In the Liturgy of the Hours—the cycle of daily prayers observed by clergy and religious—Candlemas marks a transition point. From the beginning of Advent through February 2nd, the Marian hymn used is "Alma Redemptoris Mater" ("Loving Mother of the Redeemer"). After Candlemas, it changes to "Ave Regina Caelorum" ("Hail, Queen of Heaven") through Good Friday.

An Ending and a Beginning

The Presentation is a threshold moment.

For Simeon, it was the end of a lifetime of waiting. Having seen what he was promised, he could depart in peace. His canticle—the "Nunc Dimittis," named after its opening words in Latin, "Now dismiss"—is traditionally sung at Compline, the final liturgical prayer before sleep, and at funeral services. It is a prayer of completion, of a life's purpose fulfilled.

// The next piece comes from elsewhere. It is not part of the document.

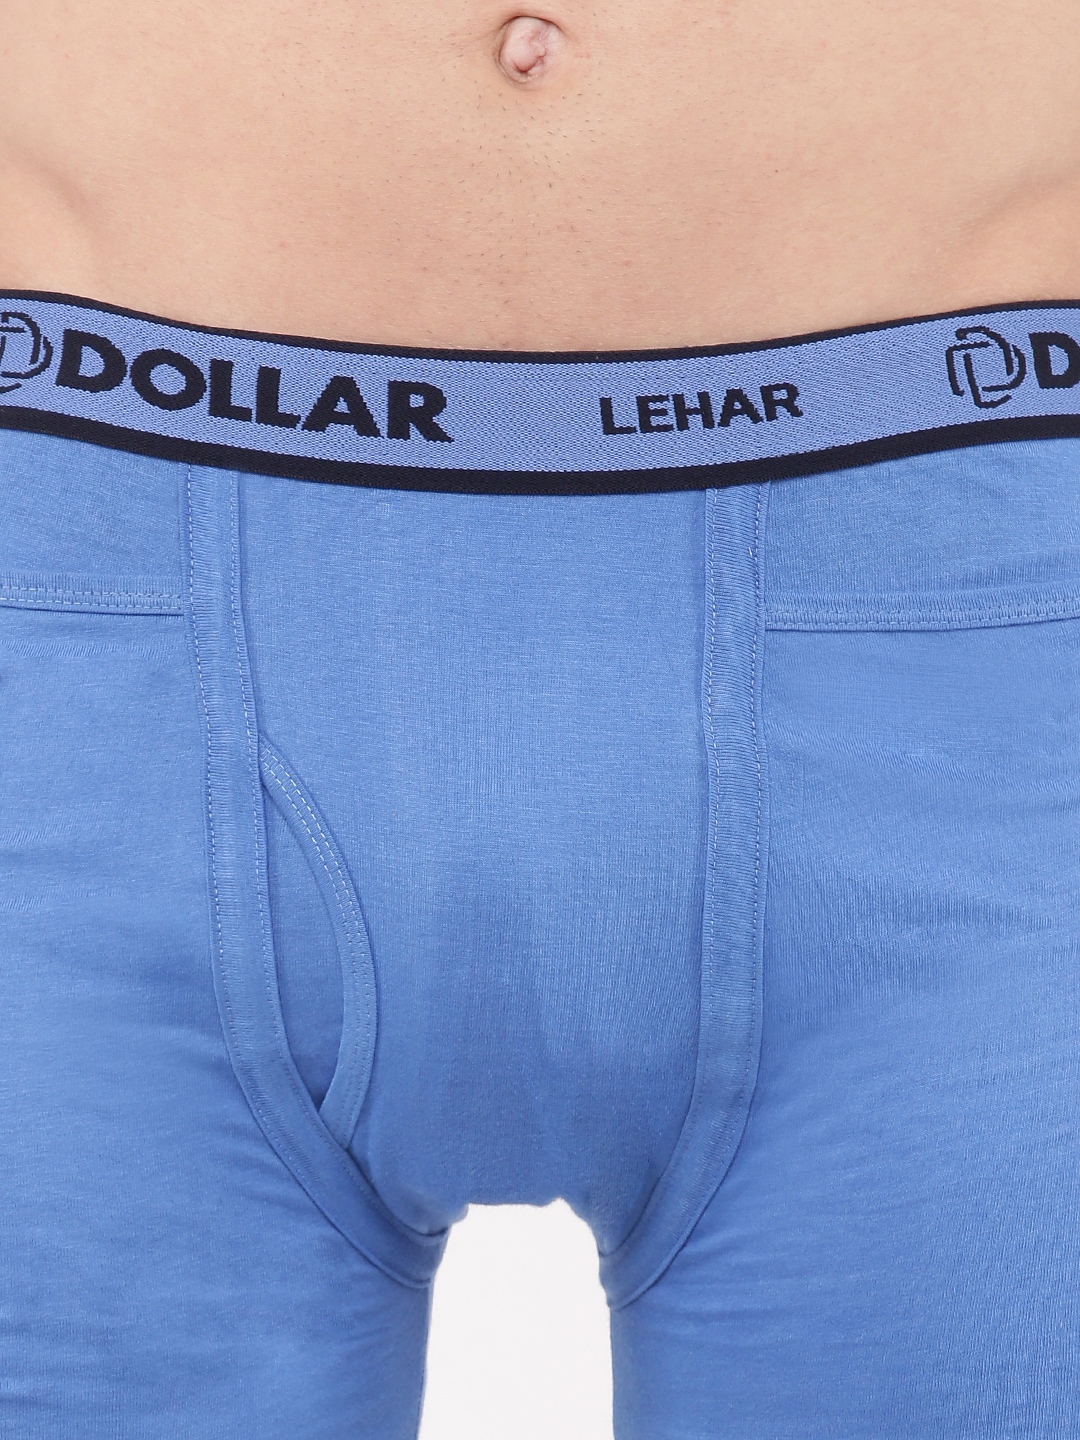 Dollar Lehar Mens Pack of 3 Fine Pocket Trunk

For Jesus, it was a beginning—his first entrance into the Temple that he would later call "my Father's house," the same Temple he would cleanse of money-changers, teach in as an adult, and ultimately predict the destruction of. The infant who was carried through these courts would return three decades later to turn the religious establishment upside down.

For Mary, it was a moment of mixed prophecy: joy at the recognition of her son's identity, but also the first intimation of the sorrow to come. The sword that would pierce her soul was still years away, but Simeon had named it.

And for the Church, this quiet domestic scene—a young couple fulfilling their religious obligations, an old man finally seeing his hope realized, a prophetess speaking of redemption—became one of the foundational moments worth celebrating year after year. Two thousand years later, candles are still blessed on the fortieth day after Christmas, and Simeon's words are still sung as the night office closes: "Lord, now let your servant depart in peace, for my eyes have seen your salvation."

The light he saw that day in the Temple is still being carried into the darkness.